Posted by christopher on May 23, 2011
Runtime: 146 minutes
Plot: The life and times of a mobster.
To be a Goodfella, that’s the life, you’ve got it made. Money, respect, women, drinking, gambling, you’re a part of a family. It’s all that Henry wanted growing up. Forget the middle class, average, monotonous lifestyle, sitting behind a desk writing reviews for your blog. That’s not for Henry, there’s no risk, no adventure, no fun. It’s a grind in the start, being a grunt, a gopher; but if you show respect and don’t fuck up, you’ll get yours, Henry sure did.
I had not had the pleasure of viewing this movie prior to this point. I was aware of it but it had only recently struck me that, as an indisputable classic, I should probably give it a whirl. What struck me right away was how much I had missed not seeing Goodfellas earlier. It’s been parodied and redone but only now can I truly reflect and appreciate what an influence it was on media and our culture. What also struck me was the timeliness of the film. Viewing it on Blu-ray I’m sure it was in some way digitally enhanced, and while not a taxing film visually, it could just as easily been created today as it was in 1990. Also to this point was the surprising applicability in light of the “Jersey” movement, where the film highlighted the women’s lavish but incredibly tacky lifestyle choices from their homes, pets, clothing, and makeup. Same too with the men, all named “Pauly something something.” Same as it ever was.
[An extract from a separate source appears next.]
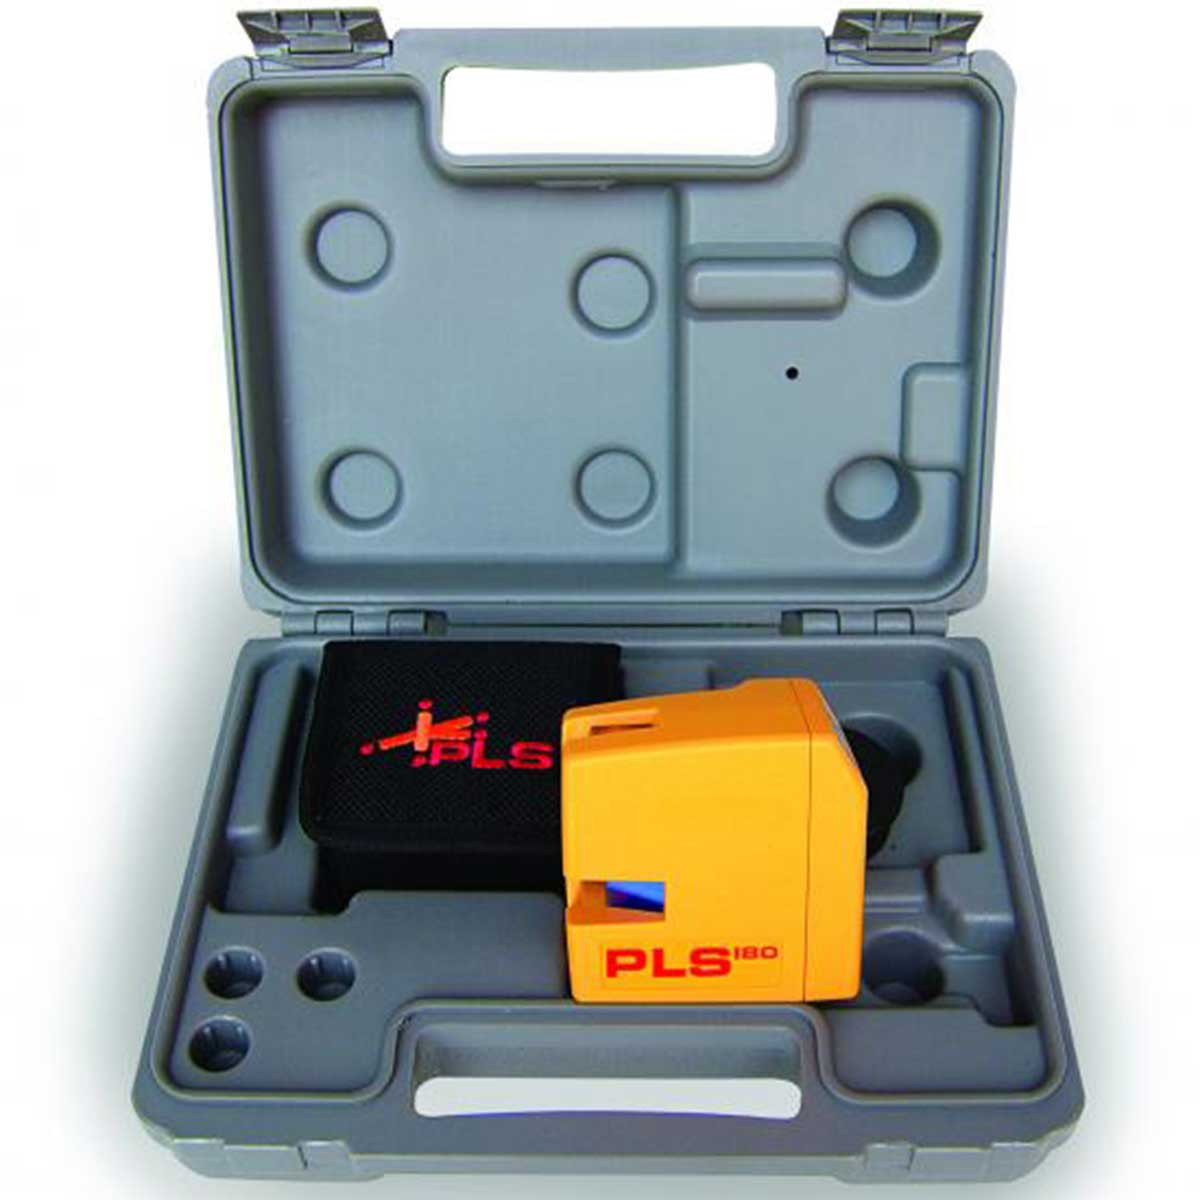 PLS180 Pacific Laser Level Tool Kit

The topical influence is rather apparent but the directorial influence deserves incredible credit as well. It goes without saying that Scoresese is an incredible filmmaker, and it’s telling in the shots that have been mimicked many times now. I’m thinking specifically of a scene where Henry is first taking Karen out on a date to the club. They skip the line and enter through the backdoor/kitchen. The one shot follows Henry and Karen through the halls and kitchen, eventually leading them to their table, capturing every interaction along the way no matter how subtle. It serves to establish Henry’s character for one as a strong, respected member of the family without cutting for even a moment to switch scenes. Scorsese pulls a similar move in introducing the family in the beginning; a one shot again from a first person perspective.
One piece of the film that initially captivated but eventually drew me out was the narration. I quickly became drawn into the film and into Henry’s character as Ray Liotta led the story. He has a great voice, one that always imparted a bit of youthfulness and innocence in spite of his actions. Unfortunately the film switches with Karen narrating for a short while. This would have been wonderful had the film continued to switch, with new characters taking the lead, discussing their thoughts and the current actions in relation to Henry; it did not, however. Henry, in stead, picks the narration back up which frankly just left me confused in hind sight. In the grand scheme, given Karen’s role, I’m not sure why she led the story for a short while.
The performances, across the board, were quite spectacular. De Niro and Pesci particularly. They not only embodied the mobster personality but both added lightness to the story. As much comic relief as was necessary, often times quickly countered by extreme violence, intensity, and often psychopathy, which in and of itself was fun and entertaining.
Beyond the narration, I found the story dragged. There was a point of transition, after which point it just repeated itself. It all eventually served into the climax but could have been cut into a tighter story.
Still, in my humble opinion, Goodfellas is a made movie.